We present stack graphs, an extension of Visser et al.'s scope graphs framework. Stack graphs power Precise Code Navigation at GitHub, allowing users to navigate name binding references both within and across repositories. Like scope graphs, stack graphs encode the name binding information about a program in a graph structure, in which paths represent valid name bindings. Resolving a reference to its definition is then implemented with a simple path-finding search. GitHub hosts millions of repositories, containing petabytes of total code, implemented in hundreds of different programming languages, and receiving thousands of pushes per minute. To support this scale, we ensure that the graph construction and path-finding judgments are file-incremental: for each source file, we create an isolated subgraph without any knowledge of, or visibility into, any other file in the program. This lets us eliminate the storage and compute costs of reanalyzing file versions that we have already seen. Since most commits change a small fraction of the files in a repository, this greatly amortizes the operational costs of indexing large, frequently changed repositories over time. To handle type-directed name lookups (which require "pausing" the current lookup to resolve another name), our name resolution algorithm maintains a stack of the currently paused (but still pending) lookups. Stack graphs can be constructed via a purely syntactic analysis of the program's source code, using a new declarative graph construction language. This means that we can extract name binding information for every repository without any per-package configuration, and without having to invoke an arbitrary, untrusted, package-specific build process.
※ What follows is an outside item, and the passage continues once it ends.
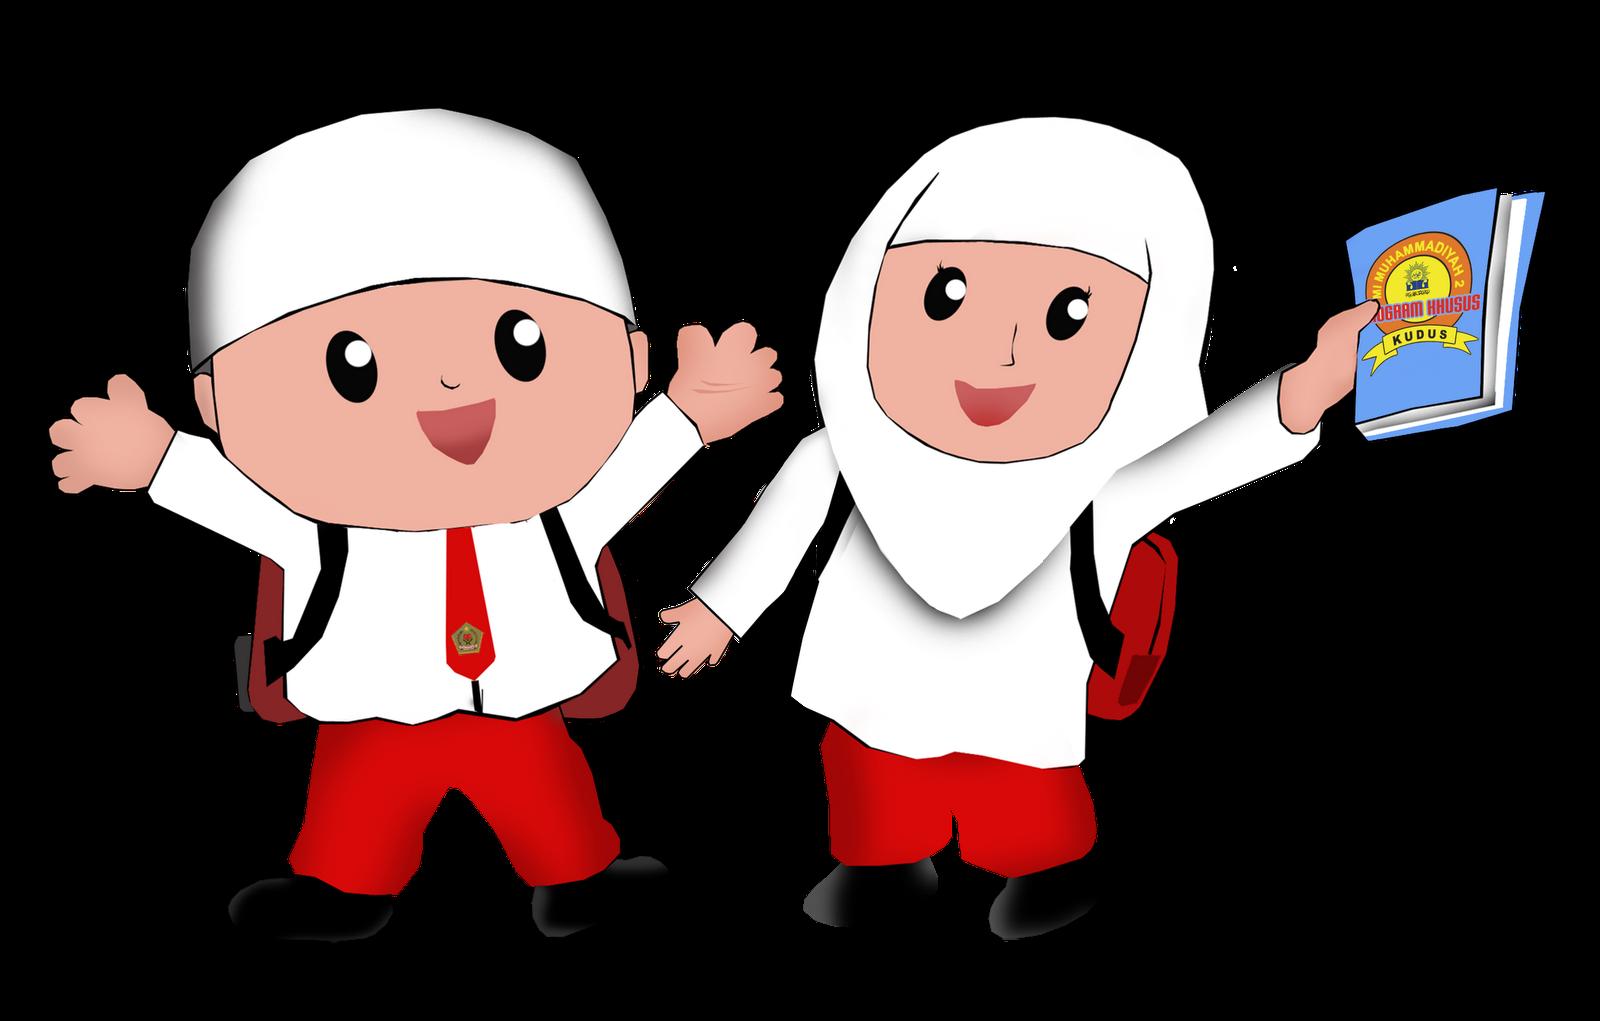 Gambar Kartun Anak Katoon Pinterest Wallpaper Islam And Muslim Kartun Gambar Lucu Sekolah Lucu

翻译：我们提出Stack图，这是对Visser等人作用域图框架的扩展。Stack图驱动了GitHub上的精准代码导航功能，使用户能够跨仓库及仓库内解析名称绑定引用。与作用域图类似，Stack图将程序中的名称绑定信息编码为图结构，其中路径表示有效的名称绑定关系。解析引用的定义通过简单的路径搜索实现。GitHub托管着数百万个仓库，包含PB级代码总量，涉及数百种编程语言，每分钟处理数千次推送。为支持此规模，我们确保图构建与路径搜索判定是文件增量的：每个源文件创建独立子图，无需感知或访问程序中的其他文件。这使我们能够消除已分析文件版本的存储与计算开销。由于大多数提交仅修改仓库中的少量文件，这种方法可大幅摊销频繁变动的大型仓库的索引运维成本。为处理类型导向的名称查找（需"暂停"当前查找以解析其他名称），我们的名称解析算法维护了当前已暂停但待处理的查找栈。Stack图可通过纯语法分析构建，采用新型声明式图构建语言，这意味着我们无需逐包配置即可提取每个仓库的名称绑定信息，也无需调用任意的、不可信的、包特定的构建流程。